Thingyan has become virtually unrecognisable from its traditional roots as a cleansing New Year celebration. Amongst all the changes, though, there is one constant feature: it remains the site of new relationships. Where in the past a potential suitor would raise their interest with a gentle pouring of water over their love interest’s shoulder, now the festival is marked by intoxicated young people hooking up under flashing lights and sprinkler systems all to the deafening tune of international and domestic hits.
Thingyan is a time of opportunity for young people looking for love for obvious reasons: partying, wet clothes, excessive alcohol and low inhibitions. In the context of Myanmar’s conservative society it makes even more sense. It is perhaps the only time of the year when almost all single young women and men will be out looking for fun and partners.
Ask a young Burmese person when they started dating their current partner and the answer will be overwhelmingly: last Thingyan. Ask a young Burmese person when they ended their last relationship: just before Thingyan. The promise of long-term love, not to discount the short-term encounter, is enough to jolt discontented partners. It’s a new year, and freshly cleansed of sins young men are ready for a new girlfriend or two.

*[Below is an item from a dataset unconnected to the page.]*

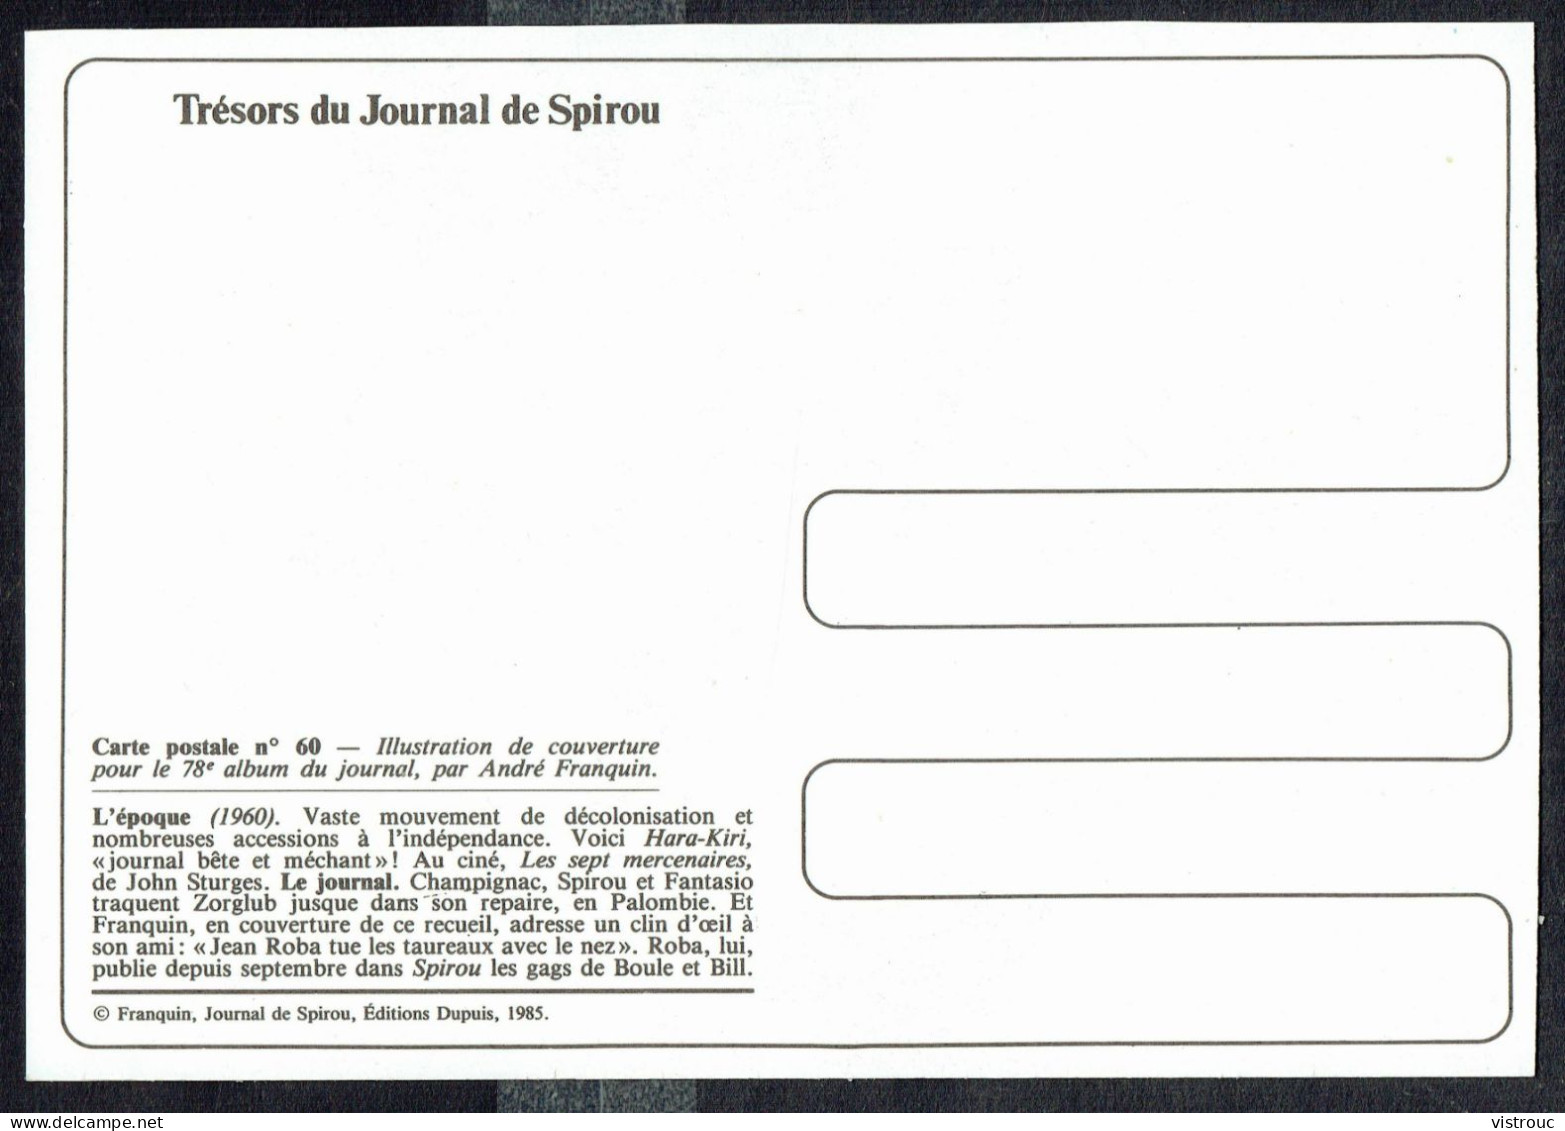 SPIROU - CP N° 60 : Illustration Couverture Album N° 78 De FRANQUIN - Non Circulé - Not Circulated - Ed. DUPUIS - 1985. - Comicfiguren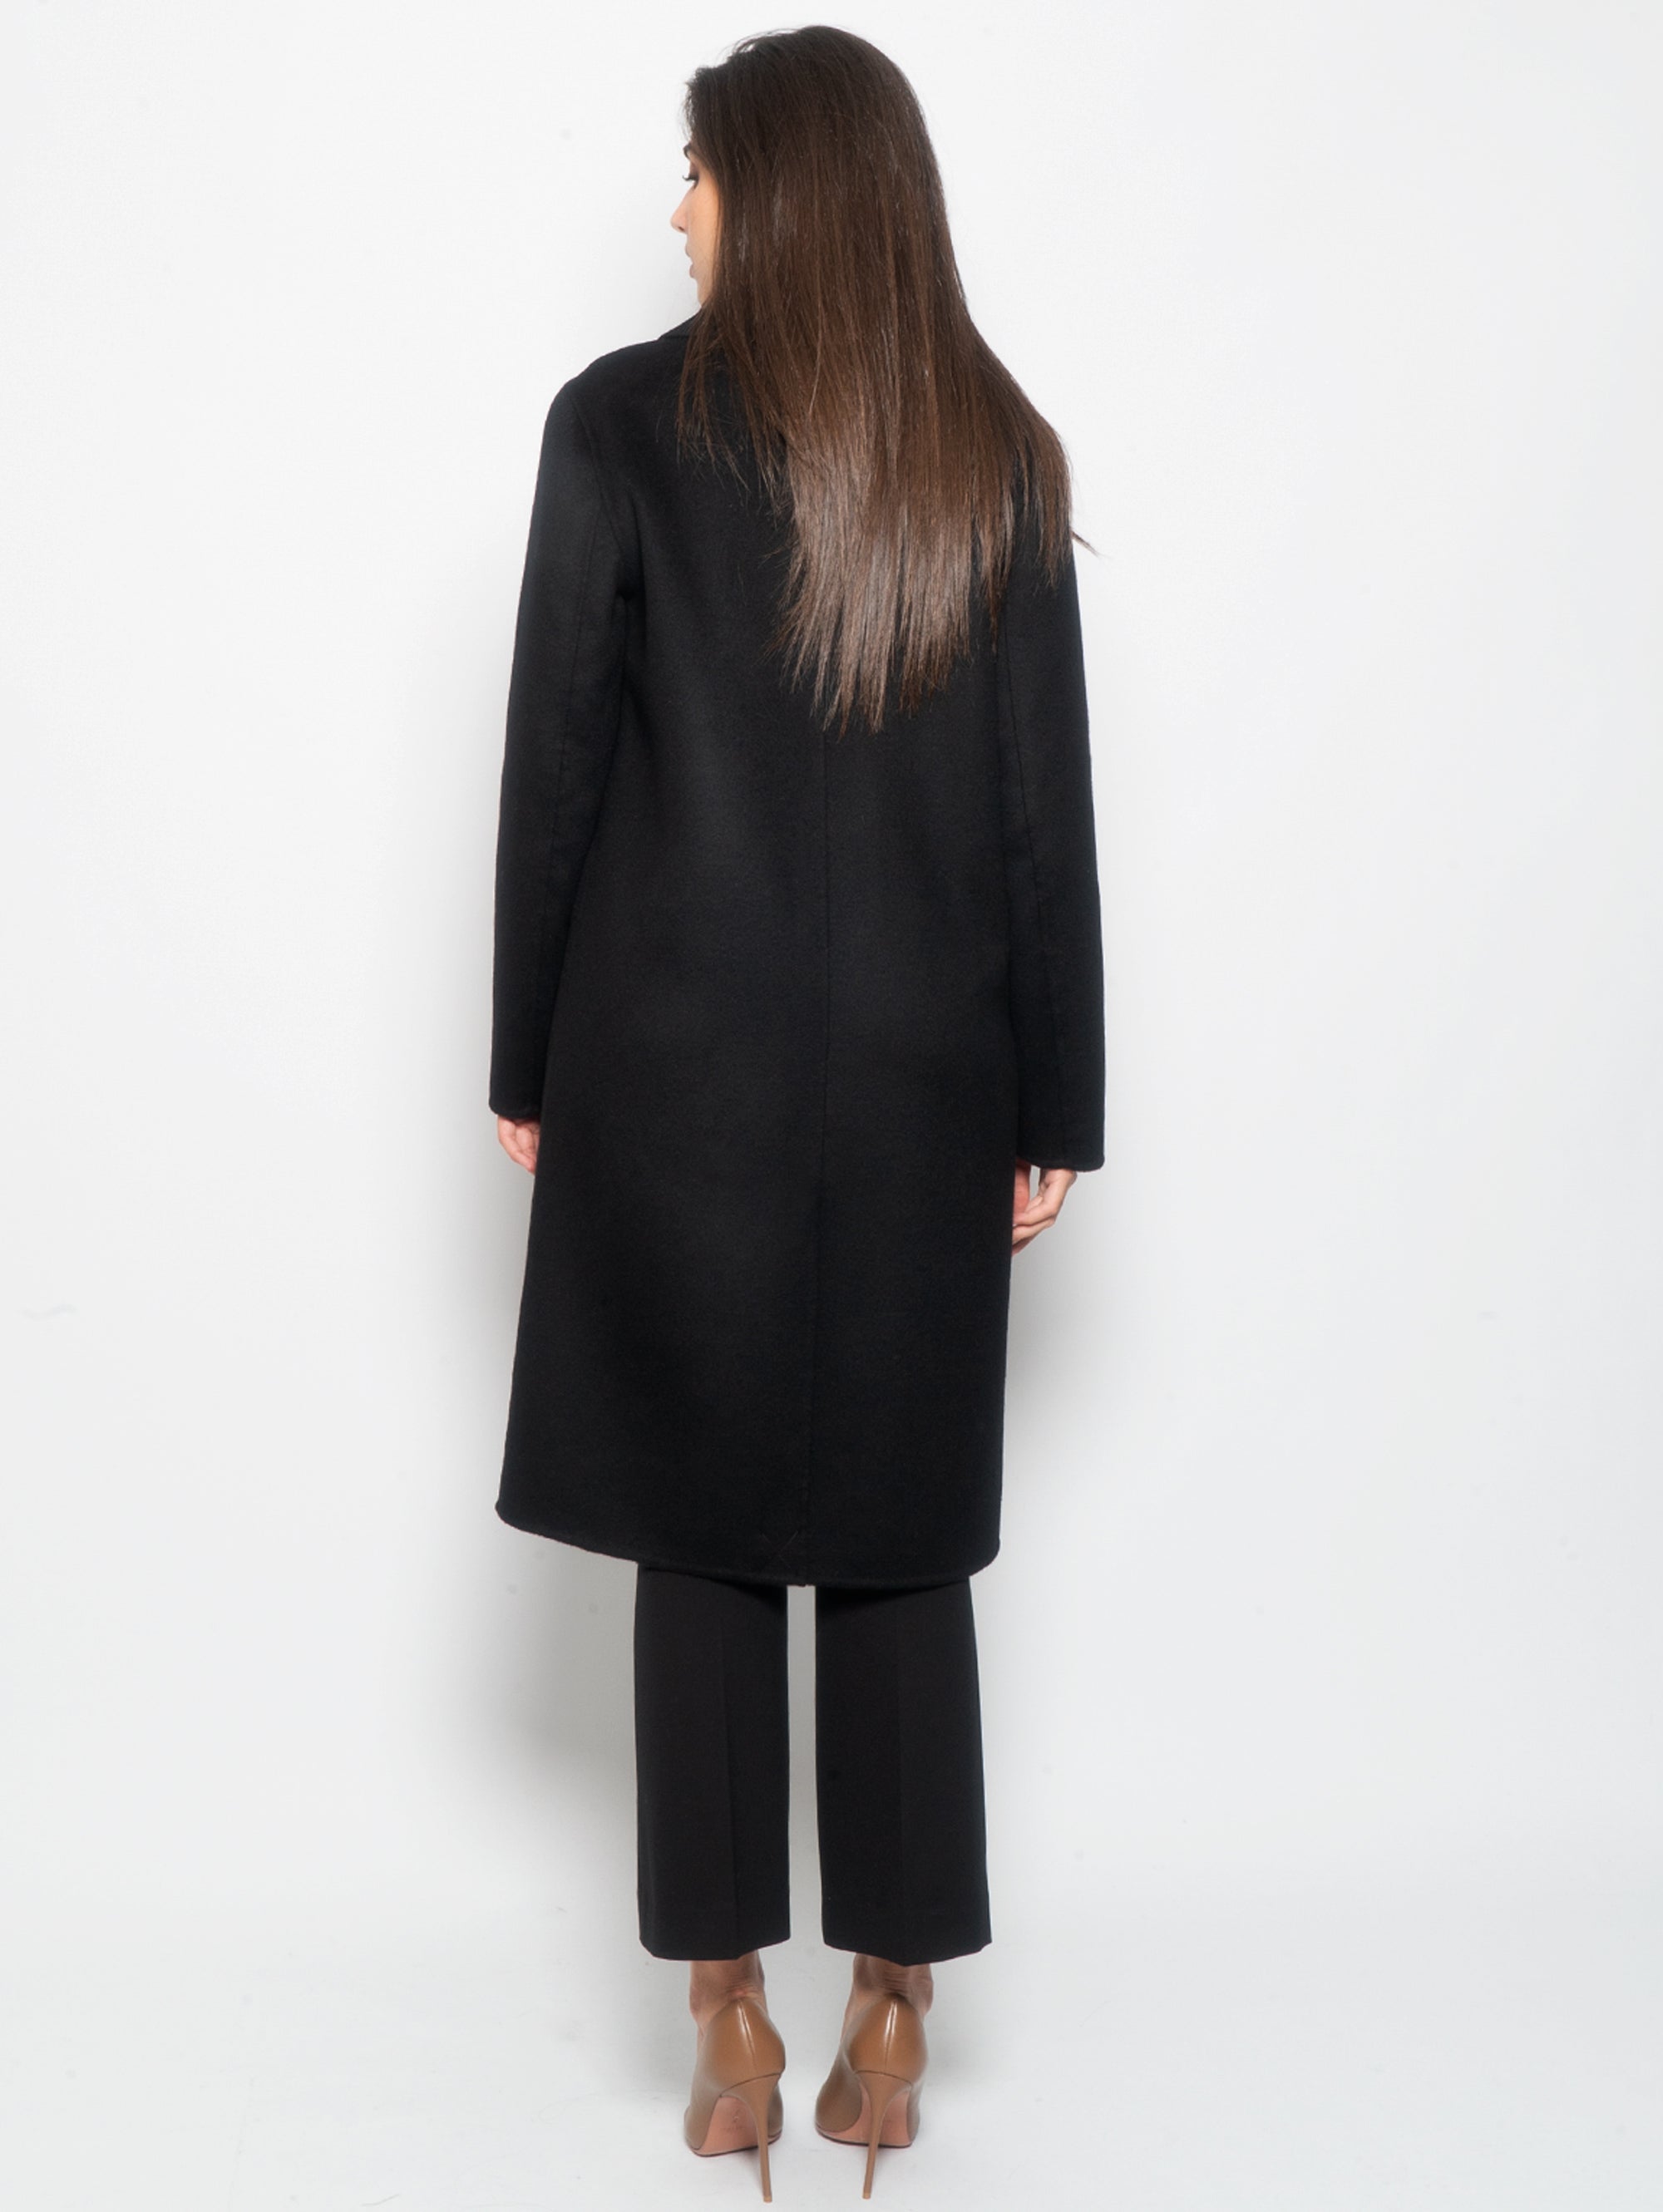 Einreihiger Mantel aus schwarzer Wolle

The event is heavily stratified, with young elites on the mandats (stages), and the wider population on the streets and in the back of trucks. Further, between the mandats are more subtle distinctions, including between the music style preferred – hip hop, rock or pop – the party accoutremounts of choice – alcohol or drugs – and the markers of exclusiveness – financial or cultural cachet. Even on the stages more distinctions are visible – between the general, VIP, and artist areas. The most scantily-clad girls are almost always found in the VIP areas, and, interestingly, these areas tend to be only partially covered in sprinkler systems, allowing attendants the option to remain dry, and seemingly violate the one golden rule of Thingyan. Predictably, the relationships that are formed during the four days in these partitioned spaces are between similarly classed and aligned young people.
In short, while Thingyan is celebrated as a cleansing and socially unifying festival, a closer inspection reveals the gross inequality and youthful behaviour to be expected during such an event in Myanmar. Perhaps you don’t notice it until you try and walk from one mandat to another on the street, only to be almost blasted off your feet by a fire hose cannon, or when you are behind one of the hoses and are urged by your fellow hose wielders to unite and target specific people and cars below. But at some point during the four days the distinct hierarchy of the festival strikes you. Thingyan is an expression of Myanmar’s surprisingly international tendencies and its domestic inequalities.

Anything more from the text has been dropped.